IF I NEVER PLAYED DUNGEONS AND DRAGONS AGAIN...

August 17, 2025
By Anthony Franchini

…I would be just fine with the state of the gaming hobby! What keeps me in the Gaming hobby is creativity and novelty, new ways to think and work together, stretching boundaries and feeling my neurons connect in new ways. And when it comes to D&D, I’ve played it for over 20 years now. I read the 2e books through middle school. Third edition peaked in high school and college. Fourth edition (Hail! Glory!) covered my graduate education. We’re now in fifth edition and beyond, the greatest hits edition to me, and I can speak D&D in my sleep. I have spent hours writing in its syntax, as a forever GM I can improv in my sleep. I’ve run one-shots, taught a few hundred people how to play, run campaigns that have weaved through tens of characters over more years at a time that has dominated my social calendar. So enough I say. I’ve been playing other games and I wanted to share some high level overviews of them:

His Majesty the Worm

Role: GM

Sessions: 4

Highlights:  

Making an actual guild contract between your players? STUNNING. 

Using tarot cards to resolve actions? GORGEOUS.  

Strict phases and relying on narrative RP to recover health? BEAUTIFUL.

Combat as a poker game against your GM? AMAZING. 

My players have entered the chapel of avarice, a dragon-queen themed (so it’s become HER MAJESTY) megadungeon under the city. Each section is rife with grand and warping challenges to see if they can return to the surface covered in her glory with fists full of gold. While this isn’t for novice players, HMtW plays tight and fast when you focus your players on distinct obstacles and goals while you foster their roleplaying so they may camp and recover in between sessions. More people should be playing this. 

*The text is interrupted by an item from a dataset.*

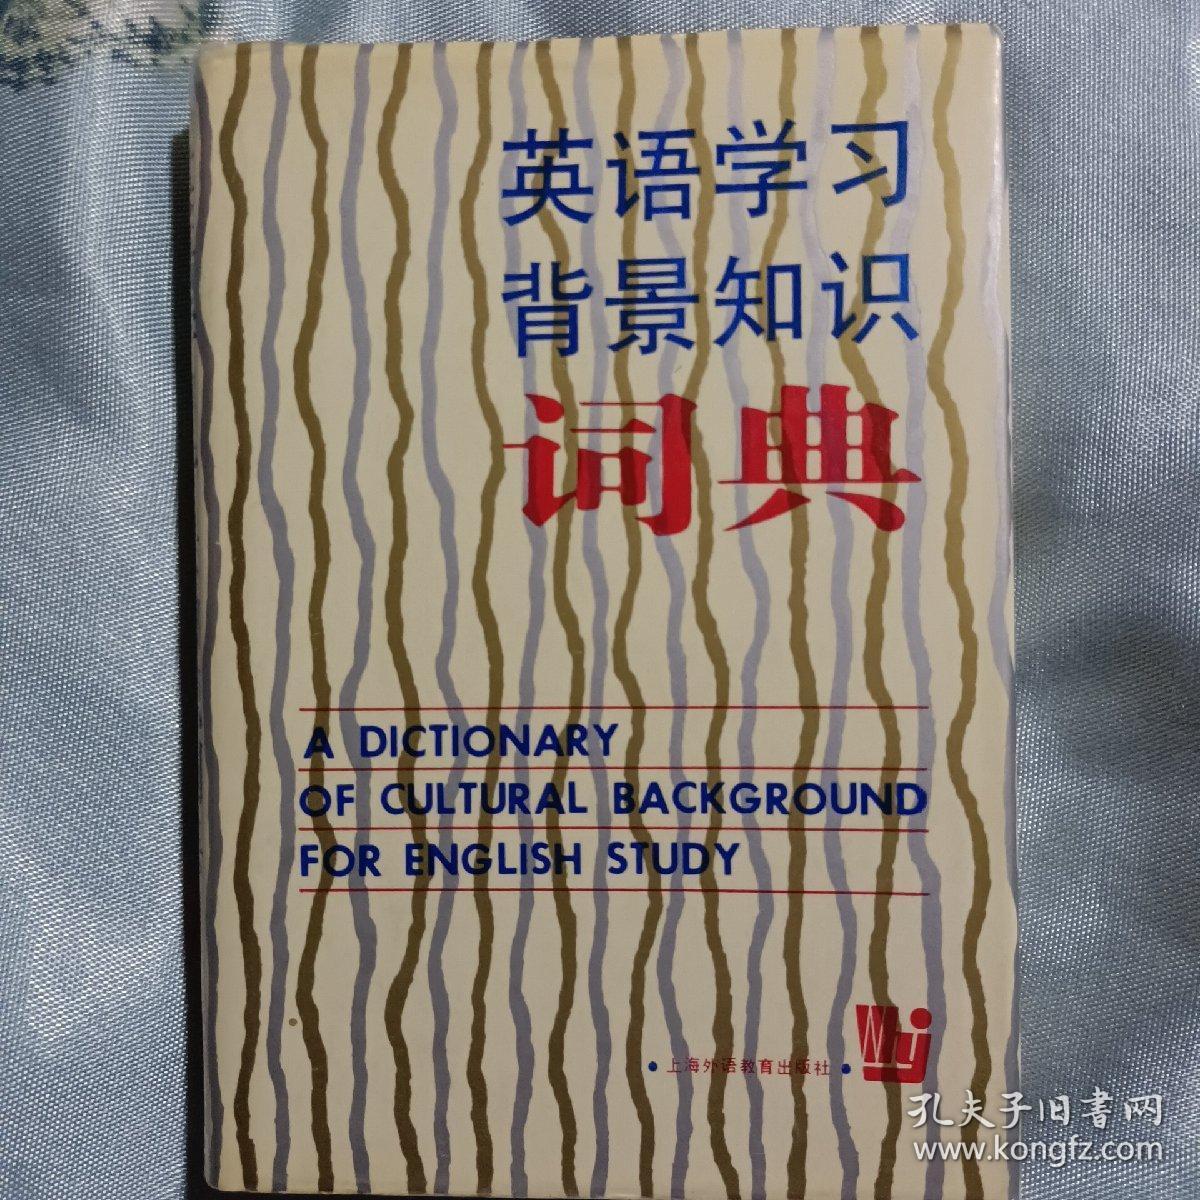 英语学习背景知识词典(精装)

I’ve added a novel mechanic of my own, and am learning to build creatures in different ways to expand my own experiences. Stay limber, write differently! 

Shadowdark

Role: player

Sessions: 2

Highlights: Simplified old school D&D work best when your GM is a calm and vicious veteran who has laid out level after level of material for you to literally run through trying not to get TPK’d. I lost four characters the first session, but my goblin tribe will never go extinct in that game (that is a challenge, Rob). This is why you keep character graveyards around, people!! The first session was part of a full gaming weekend, second session was online and hits different on roll20. But the fun and ability to onboard new players and keep the game rolling is great. Plus, frankly, having to manage light and rations is better than finagling with spell lists. I also really dig the carousing feature, and how important it is for the game. Epic narrative benders FTW! Shadowdark is definitely earning my respect after all the hype around its release.

 

Pendragon

Role: player

Sessions: 25+

Highlights:  Here’s a novel experience: playing semi-accurate historical games like Pendragon with a dash of magic and mysticism has been a big hit. Not only have I become the Duke of Oxford, there is a solid manor building mini-game. Hilarious tangent: Through a streak of amazing dice luck, I have sired ten children between my three characters (and they are all healthy and pox free into the teenage years!). Aging hits hard here, talk about realism!!! ::takes a shot of Advil:: We’d be further down the 80 year timeline if we didn’t break to talk about various types of armor, museum trips, linguistic evolution, and search for IRL feast recipes to try. Oh, and we literally killed Grendel while beowulf watched to prevent more aggressive Saxons from taking power in Britons as a power play! This game was built for learning and growing to meet the needs of your era. Seriously undervalued because it can be complex as well. But there are great ways to manage it. 

So while D&D still dominates the overall TTRPG landscape and (probably) always will, I hope these short summaries spark your interest in new games! I still haven’t had time to try games like Daggerheart, or the Mexica themed Macuahuitl, or replay Adoragoblins with more kids. And I was reminded that my Blades in the Dark version of Super Mario Bros is also hanging out, waiting for a revision and replay. Electric Bastionland will blow your mind and open your chakras with the right GM (played once, will be hard to top that experience..like seeing Inception for the first time). The point here is that there is so much content outside of the D&D bubble, pop it and enjoy what’s out there. Flex your brain a little, think differently, grow a little, and have fun immersing yourself somewhere BESIDES the Sword Coast.